Note that apart from the requirement that a metadata folder contain the two poi.csv and run.csv files, the values in these files must be delimited by a comma (as shown in the example above). You can produce these two files using your favourite word editor (or excel), but make sure the file extension is csv and that the delimiter is a comma.

An example of this file hierarchy, the metadata folder, and the two csv files is available here.


Once you've created the metadata folder and the two csv files in your videos folder (i.e. the folder that contains all the videos that you want to log), start the program (see here). After launching the program, and choosing the video folder, a new window will appear, where you can add new POIs, Runs, and assign their appropriate associations.

In the initial window you'll have two plus signs, +, to press on. The one to the top-right adds new POIs. The lower-left plus adds new Runs.

POI section: In the POI section the user can choose a specific POI to log: a video file and time stamp where the POI starts, a video file and time stamp where the POI ends, an optional label to tag the POI with (helps remembering stuff), and an optional comment. Pressing on the > button starts playing the chosen video in the background. Note that the Done button will not let you add a POI with a start time that is later than a stop time if the start and stop files are the same file (in fact, the stop time automatically adjusts when you set the start time). Nor would it work if you try to add a POI that already exists in the dataset: all POIs must be unique. Every time you press Done in the POI panel, the program will try to guess the temporal location of the next POI, updating the start and stop times accordingly.

Run section: In the Run section the user can edit a run by setting the correct metadata and pressing Done. The Comment field in the Run section is permanent (but feel free to leave it empty). You'll notice that when adding identical runs (i.e. runs that are identical irrespective of their comments) the added runs are assigned with a repetition number (the last number in the Run's label). If you Delete or Edit a Run, the repetition numbers of the other identical runs will update accordingly.
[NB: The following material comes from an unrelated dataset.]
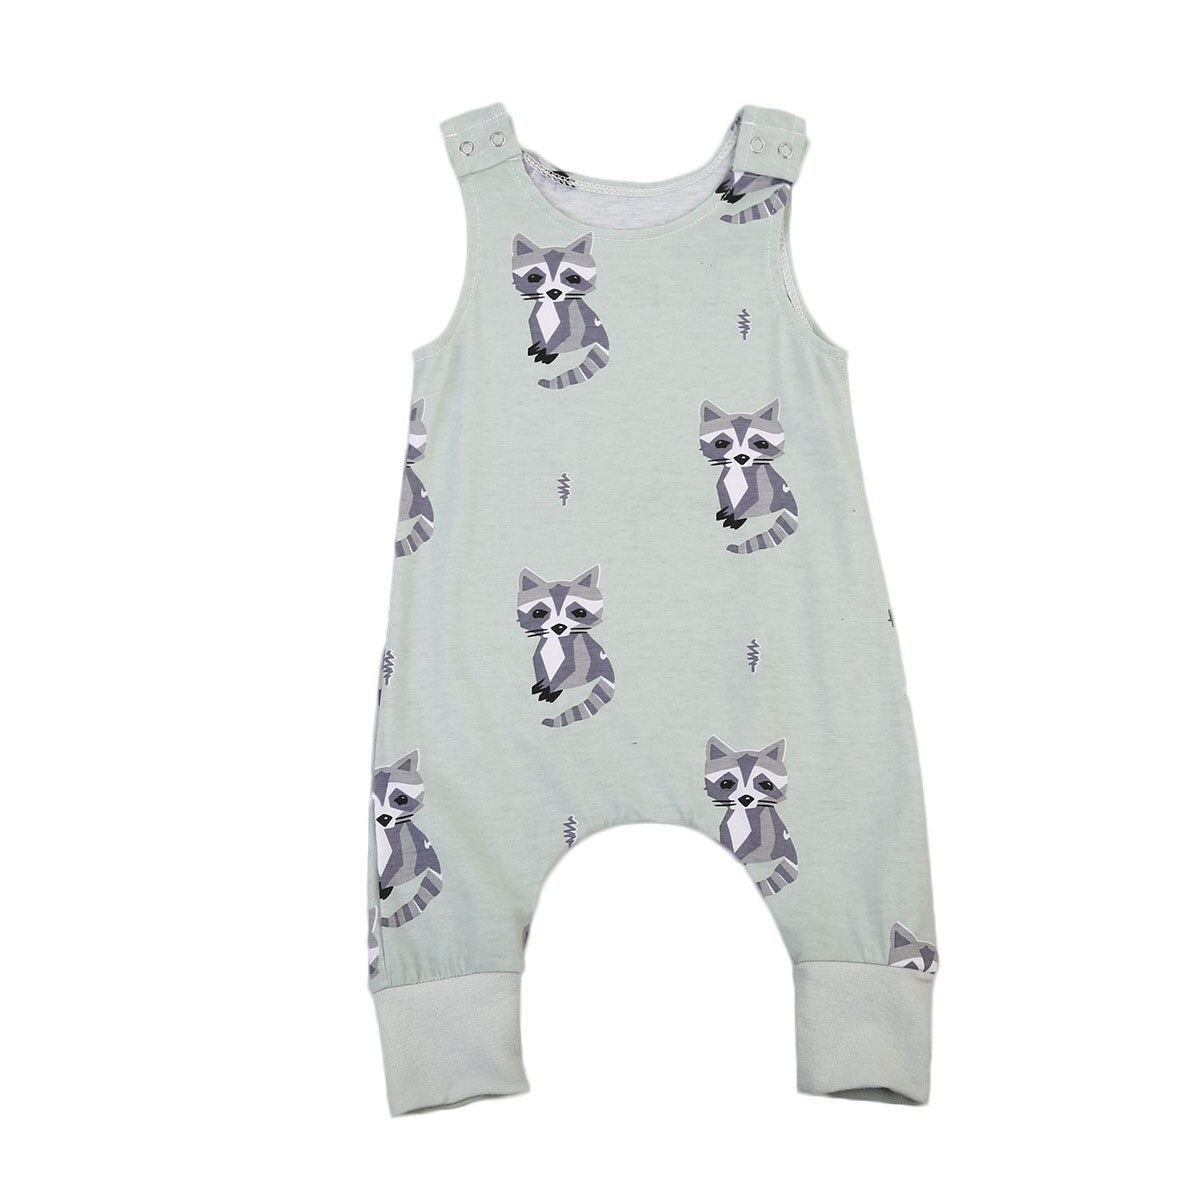 Ropa de 0 a 24M para recién nacidos, pelele sin mangas, mono, ropa de bebé, pelele

After adding some POIs and Runs, the Associations section will be populated with rows of runs and columns of POIs. Use the checkboxes to indicate the associations between the Runs and POIs.

By clicking on a Run or POI, you can choose to:

  1. Check: check all the associations for all the Runs/POIs for that specific POI/Run (like checking a row/column)
  2. Uncheck: uncheck all the associations for all the Runs/POIs for that specific POI/Run (like checking a row/column)
  3. Edit: the POI/Run console will get populated with the details of the POI/Run you want to edit, change the details you like and press Done.
  4. Delete: permanently deletes a specific POI/Run.
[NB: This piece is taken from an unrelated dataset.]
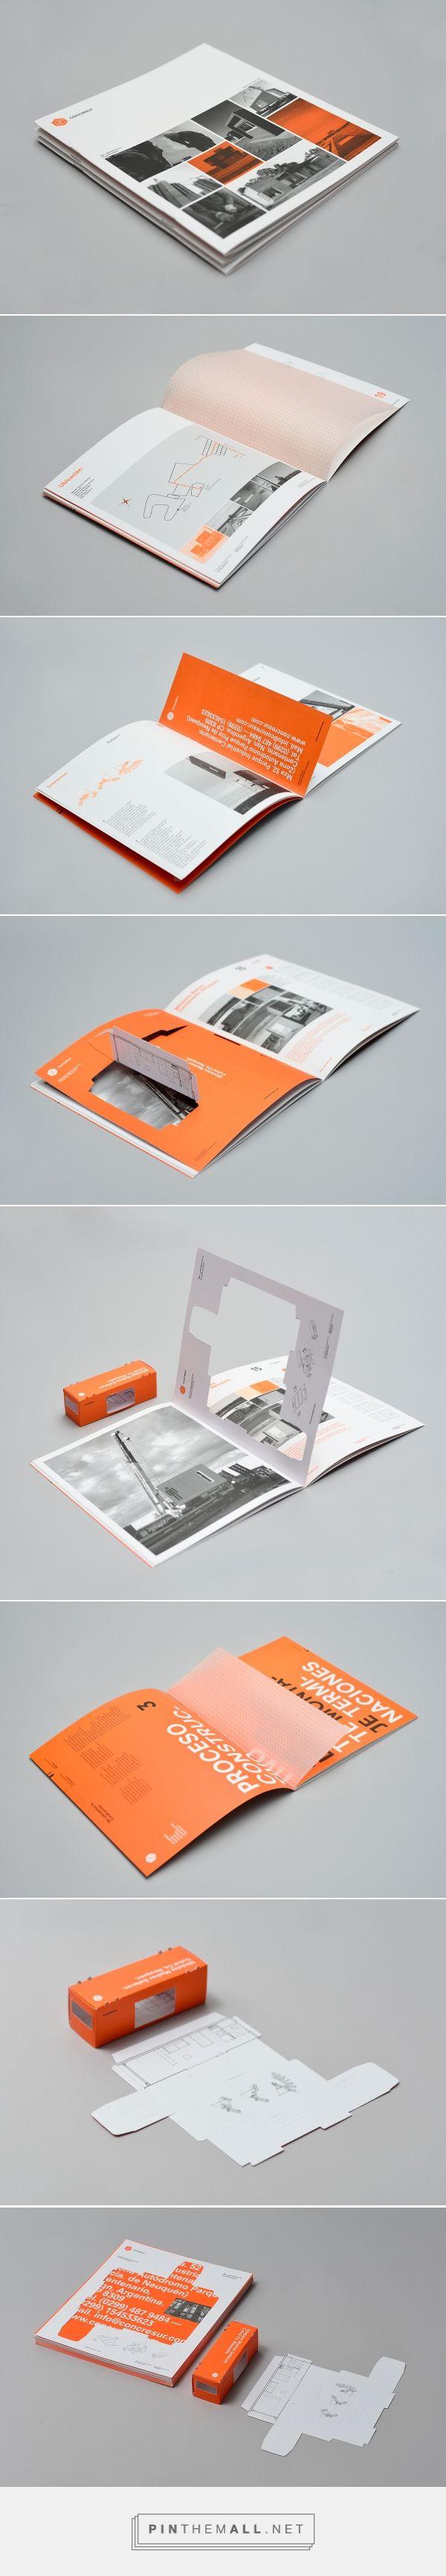 CONCRESUR Corporate Brochure by Hachetresele Studio

When done, press Save. To clear the board and start from scratch press Clear.

Next, the program will attempt to automatically extract the original filming dates and times of the video files. Althhough is it likely that the dates and times the program will extract are correct, make sure these are indeed correct and adjust them accordingly (a new window will containing all the videos you logged and their estimated dates and times). Pressing the video filename starts playing the video.

That is all! You will now find a new folder, log, in the videos folder with 4 files in it:

  1. files.csv: all the video file names, dates and times of when the video was recorded.
  2. pois.csv: all the POI names, the video file where this POI started, the start time (in seconds), the video file where this POI ended, the stop time (in seconds), the POI's label, and eventual comments.
  3. runs.csv: All the metadata and their values in the logged runs. The last field is the number of replicates for each of the runs (calculated automatically).
  4. associations.csv: A two column table where the first column is the POI number and the second column is the Run number (both relative to the row numbers in the pois.csv and runs.csv files, excluding the header row of course).

If you need to add video files, POIs, or metadata for the Runs, you can do so even after finishing logging some data. While you can always remove POIs from the poi.csv file, you can not remove any of the metadata in the run.csv file, nor should you delete any of the video files.